In de uitzending van Tegenlicht van afgelopen zondagavond werden kijkers uitgenodigd te reageren op de ideeën van Ulrike Guérot. Eddy Weeda reageert hierop in deze blog.
In de uitzending van Tegenlicht van afgelopen zondagavond werden kijkers uitgenodigd te reageren op de ideeën van Ulrike Guérot. Eddy Weeda reageert hierop in deze blog.
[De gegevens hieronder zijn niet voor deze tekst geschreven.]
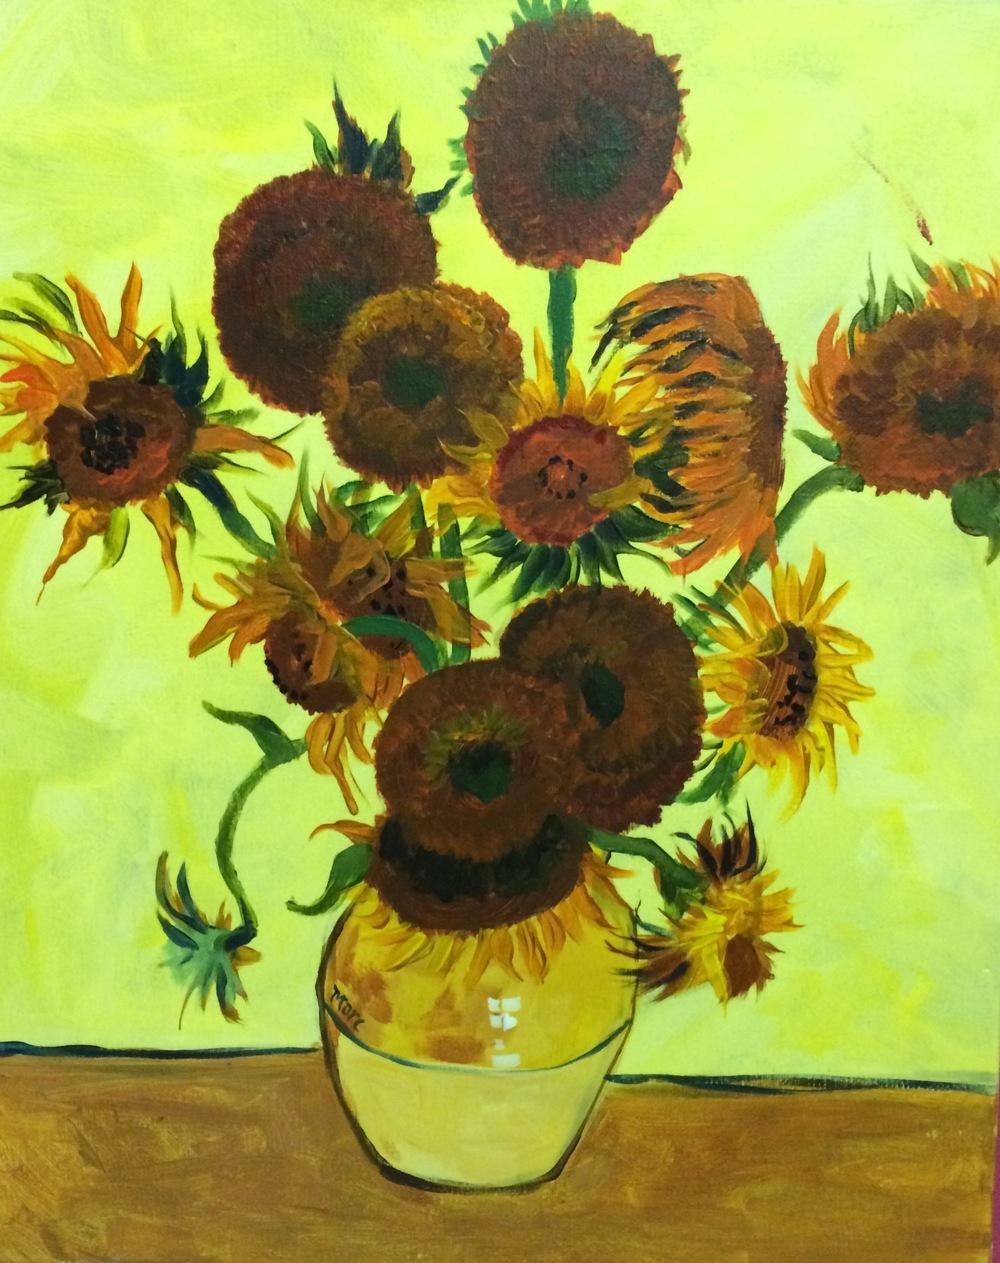 van gogh sun flower.jpg

Mij sprak vooral het idee aan dat een Europese democratie zich in geografisch opzicht zou moeten baseren op ongeveer even grote groepen mensen. Luxemburg komt in formaat en bevolking overeen met een Belgische of Nederlandse provincie. België en Nederland komen overeen met een Duitse deelstaat. Te gek dat Luxemburg, België, Nederland en Duitsland alle vier evenveel gewicht in de schaal leggen. Op wereldschaal is het nog veel gekker, omdat slechts de helft van de bewoonde continenten (Noord-Amerika, Azië en Europa, dus alleen het noordelijk halfrond) macht heeft over beslissingen op wereldschaal. De gewichten moeten worden herverdeeld, de machtscentra over de wereld verdeeld. Ik denk dat een multipolair machtsevenwicht minder gemakkelijk uit het lood wordt gebracht dan het in essentie bipolaire evenwicht dat een halve eeuw vigeerde. Enige jaren verzon ik de term Morus model, enerzijds genoemd naar de beroemde utopist Thomas More en anderzijds naar de moerbei (Morus nigra), waarvan de bolronde vruchten zijn opgebouwd uit elementen van dezelfde vorm. Zo’n repetitieve structuur zou ik bepleiten voor de machtsverdeling in de wereld en ook binnen Europa (al heeft dat geen bolvorm). De euro zou niet door Noord-Europa moeten worden getrokken maar evenzeer aan Noord- als aan Zuid-Europese belangen moeten beantwoorden. Het idee dat wat goed is voor de rijk(er)en ook ten goede komt aan de arm(er)en moet naar het rijk der fabelen worden verwezen. Elites zijn nuttig zolang ze niet op rijkdom berusten. Evenwichtige machtsspreiding, daar komt het op aan.